India focus on Mumbai 'unfair': Pakistan
NEW DELHI: Pakistan Foreign Secretary Salman Bashir said Thursday that India's focus on the 2008 Mumbai attacks was "unfair" and was stalling efforts to get bilateral relations back on track.
"It is unfair and unrealistic and, in our view, counterproductive to... keep the focus on that (Mumbai) to stall the process of the broader relationship between the two countries," Bashir said after talks in New Delhi with his Indian counterpart Nirupama Rao.
They were the first official talks between the nuclear-armed rivals since India suspended dialogue in the wake of the 2008 assault on Mumbai, its financial capital which left 166 dead.
India blamed the attack on Pakistan-based militants.
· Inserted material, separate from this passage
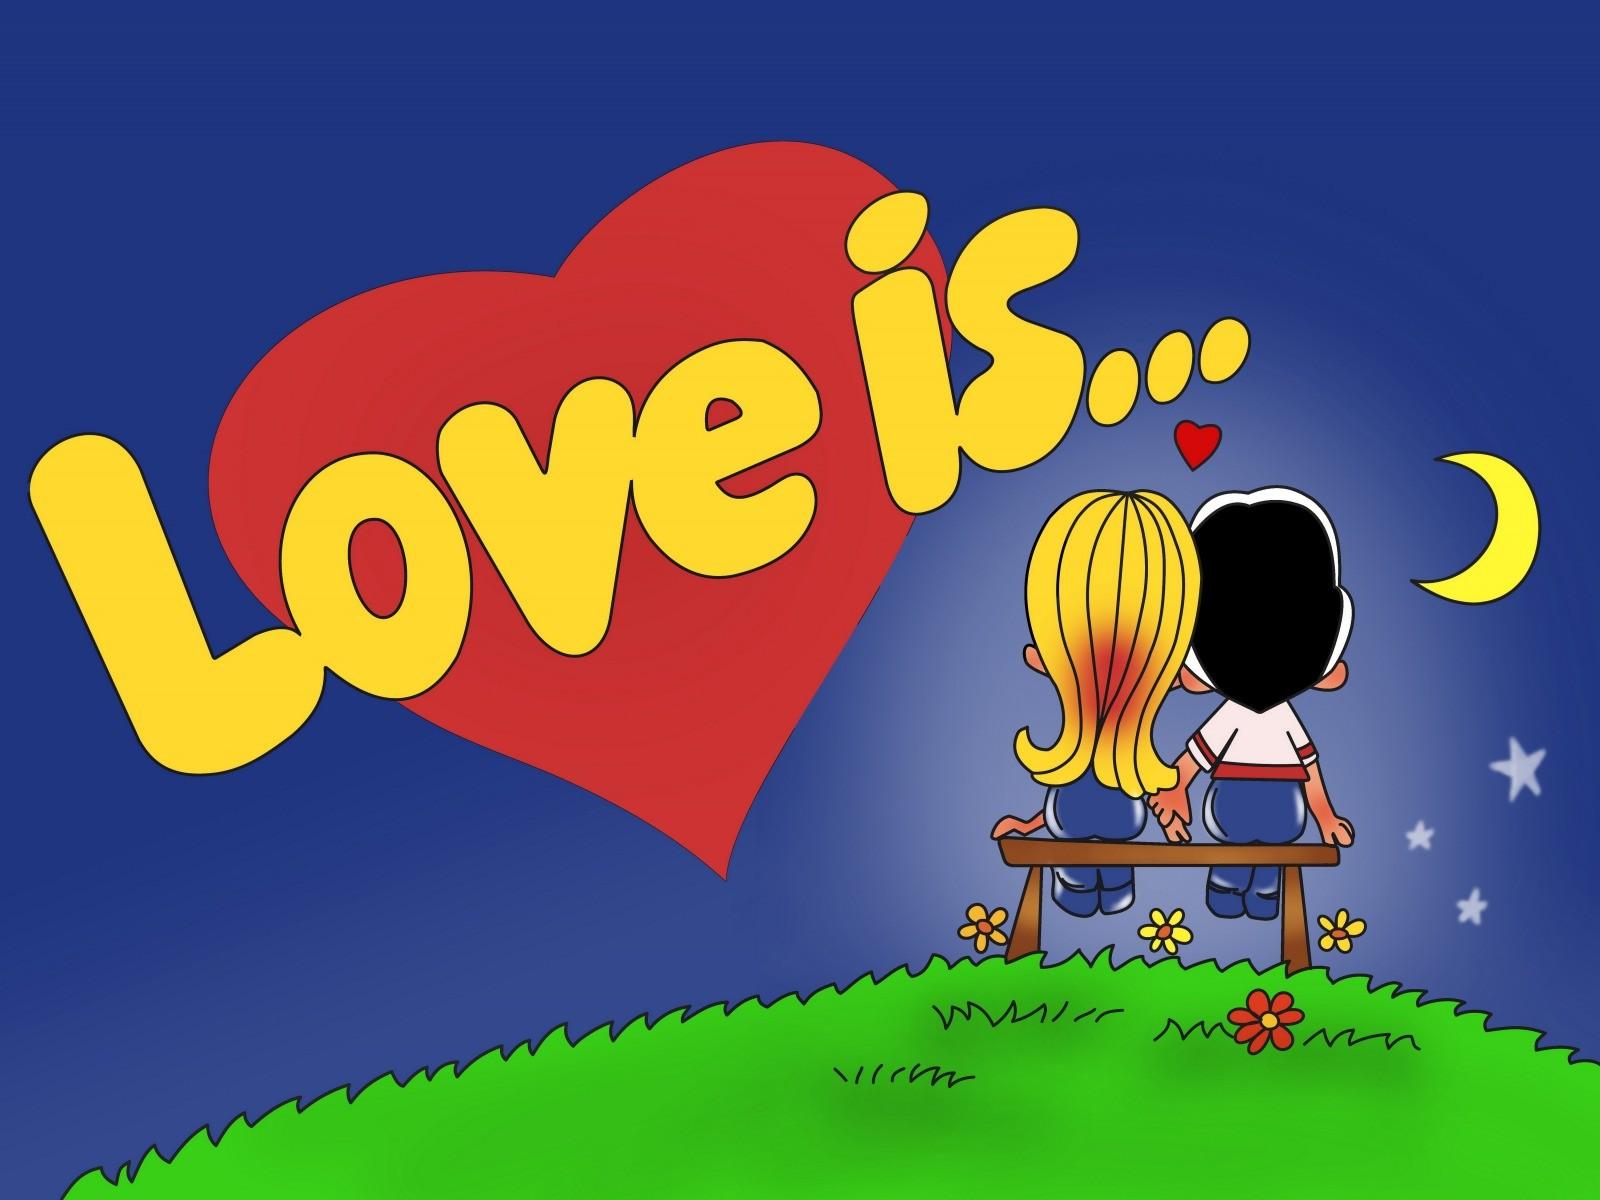 Love is — делаем уникальный вкладыш. Подбираем шрифт Love is

Urging India to move forward and resume full-fledged peace talks, Bashir warned that neither country could afford to remain disengaged.
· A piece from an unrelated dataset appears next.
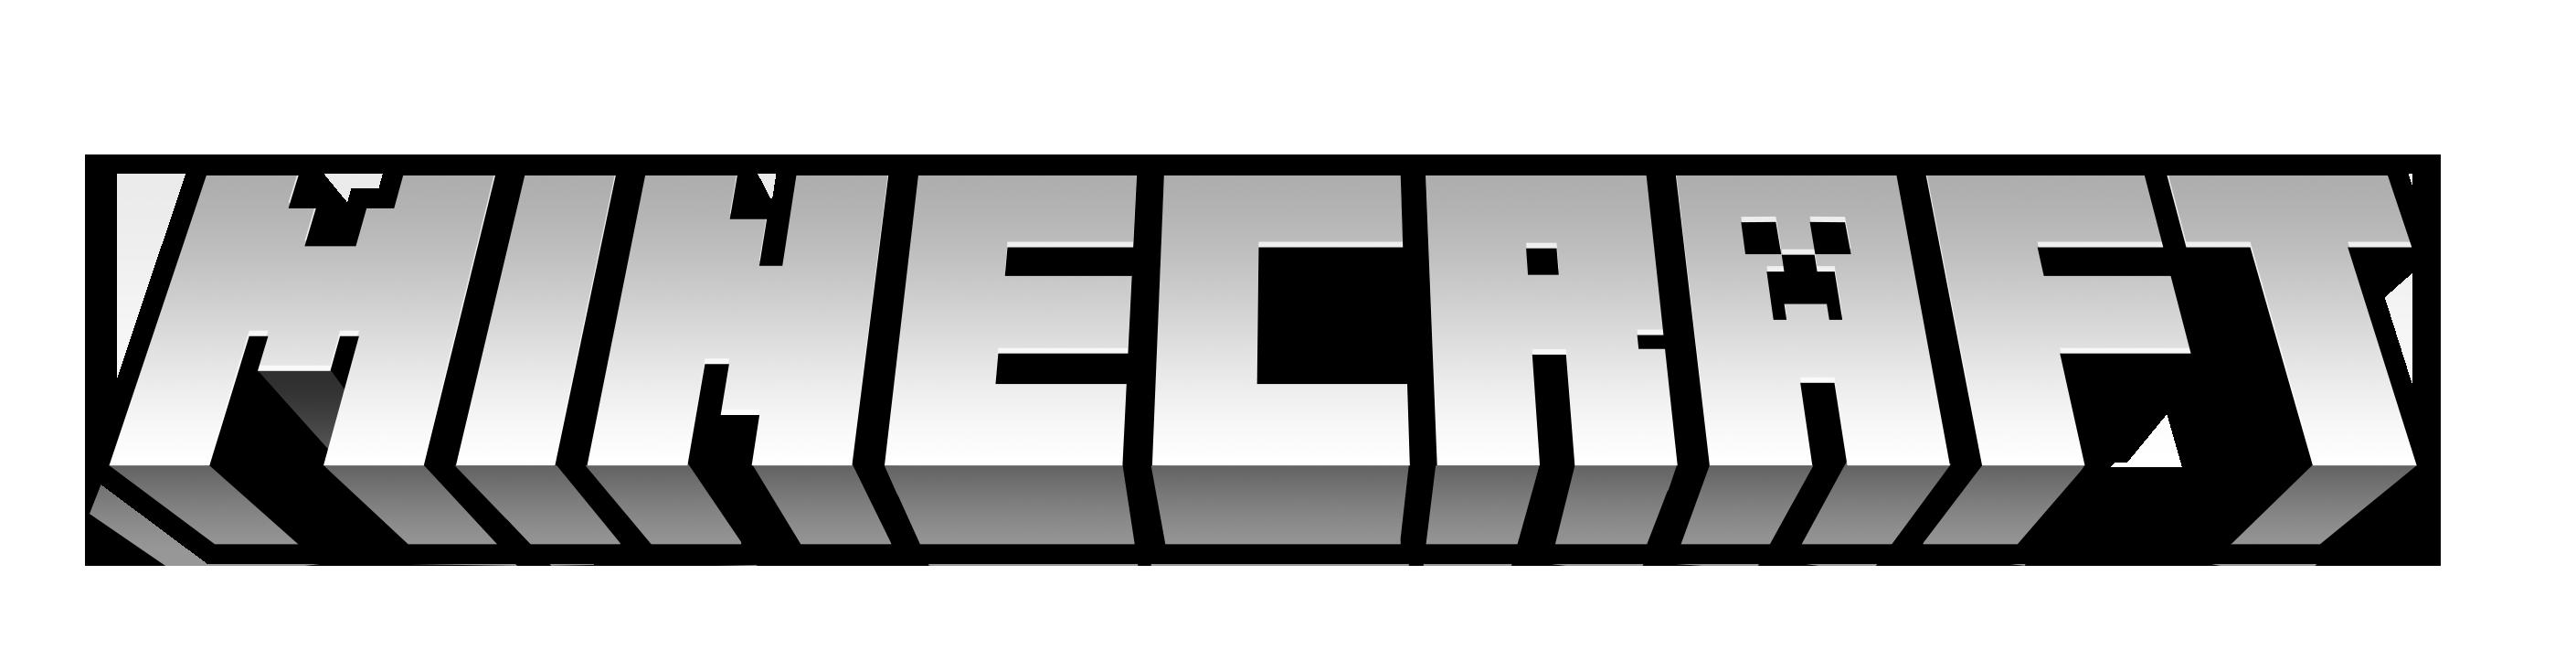 Minecraft HD logo by NuryRush

"This is a nuclearised region. It is important that India and Pakistan engage on a whole range of issues," he said.
He added, in an apparent reference to India's focus on Pakistan-based militancy during the talks, that "Pakistan does not believe that India should lecture us and demand Pakistan does this or that."
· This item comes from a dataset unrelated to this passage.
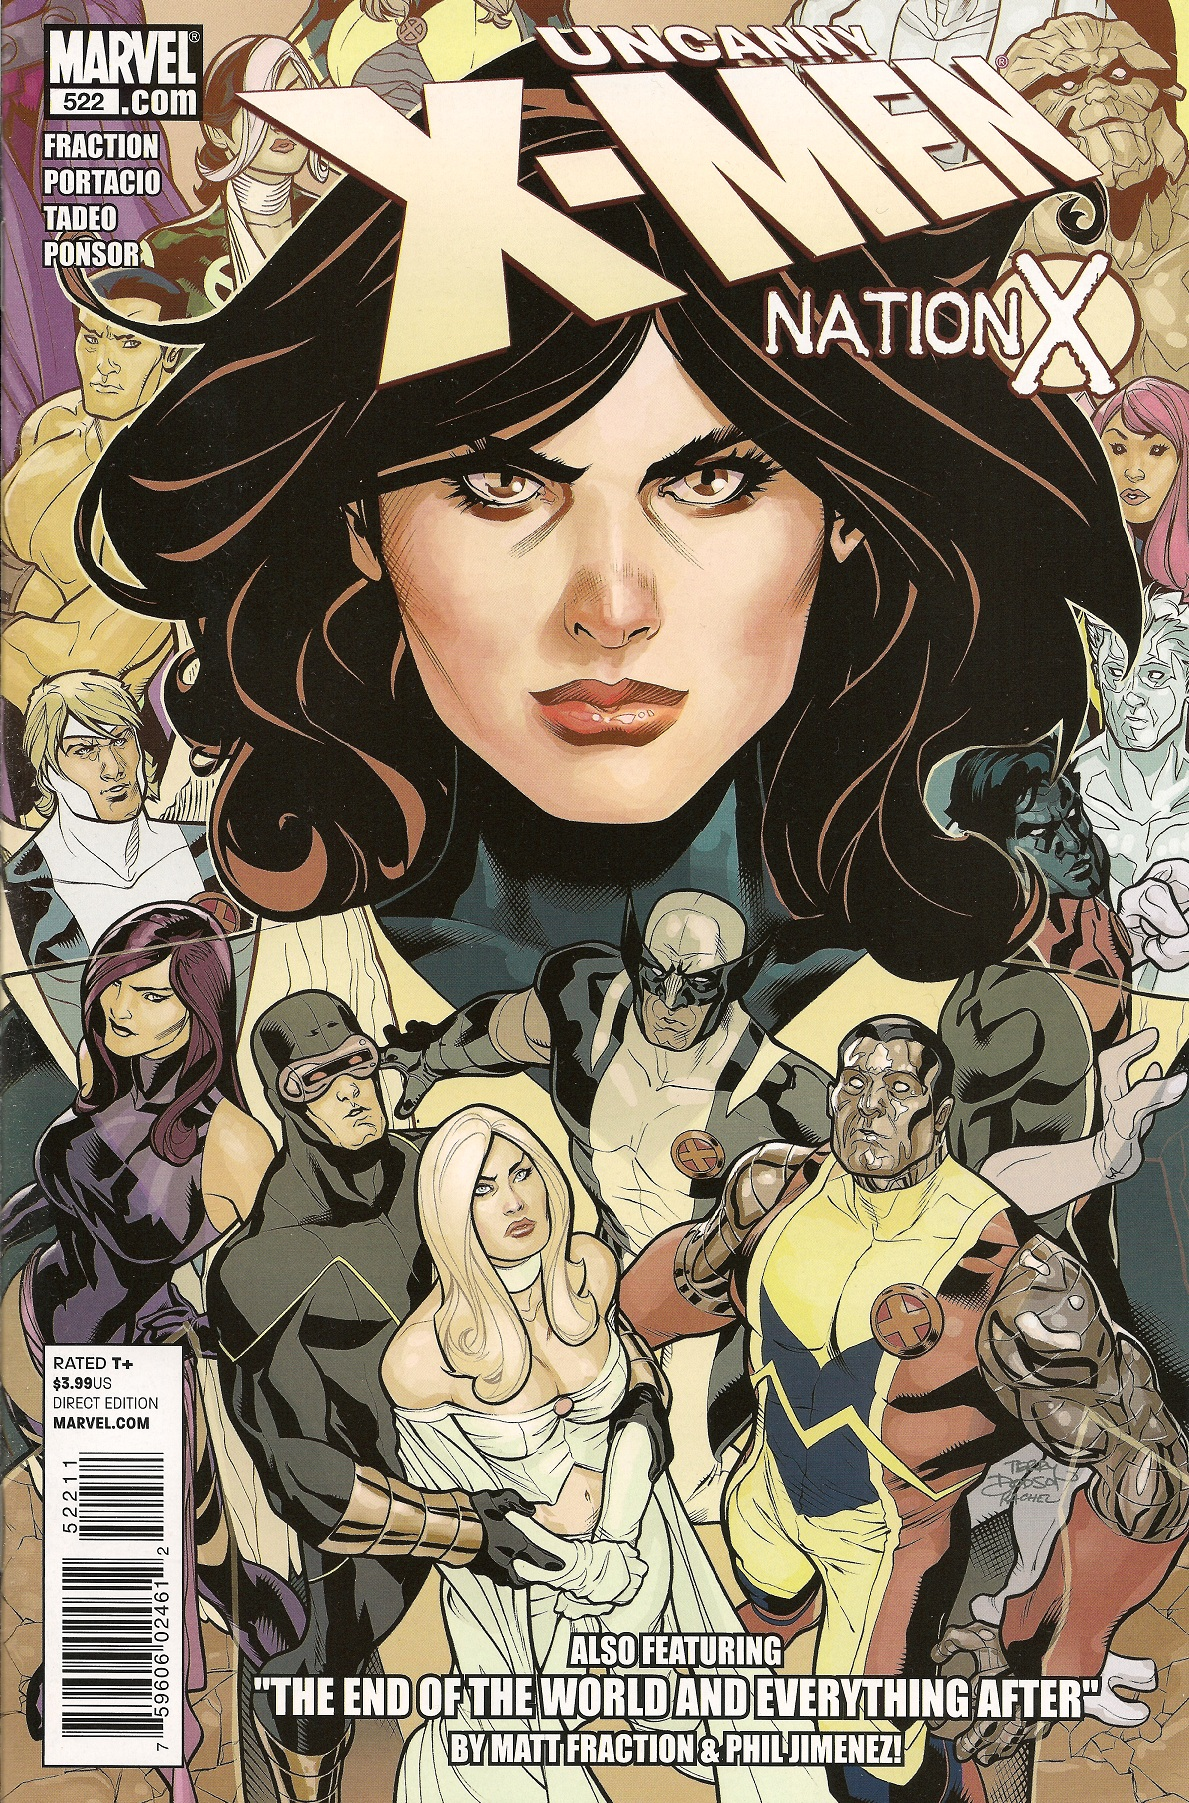 Uncanny X-Men Vol 1 522
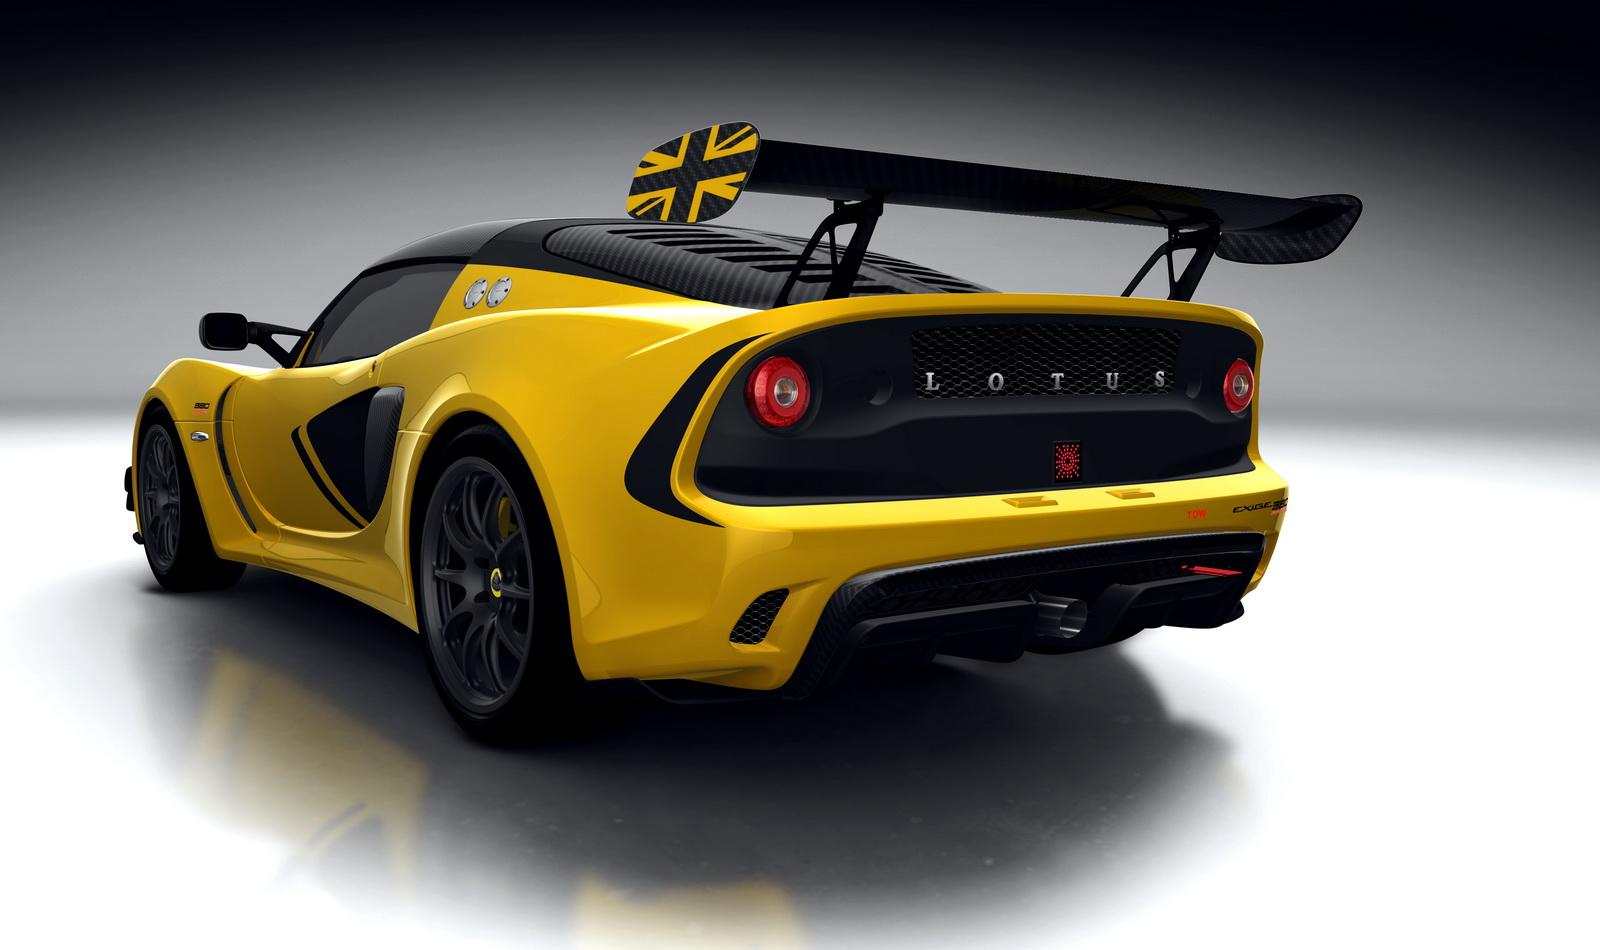 Lotus Exige 380 Race

He added: "That is not how interstate relations are conducted."
Earlier, Rao had said the time was not yet ripe to revive the comprehensive dialogue, citing a continuing "trust deficit" following the Mumbai carnage.
"We are not desperate," Bashir stressed. "If India takes more time to reflect on the modalities of engagement, they will find us ready," he said.
Bashir also insisted that dealing with terrorism was his government's "number one priority" and argued that Pakistan was only too aware of the trauma and violence inflicted by terror attacks.
"We have suffered many, many hundreds of Mumbais. We have lost a great number of civilians," he said.
"For anyone to think that Pakistan would be dismissive of this problem, he does not have his facts right," he said.
During the talks with Rao, Bashir said he had stressed "the great importance" Pakistan attached to finding a peaceful solution to the issue of Muslim-majority Kashmir.
The Himalayan region is held in part by Pakistan and India, but claimed in full by both. It has been the trigger for two out of the three wars the countries have fought since 1947.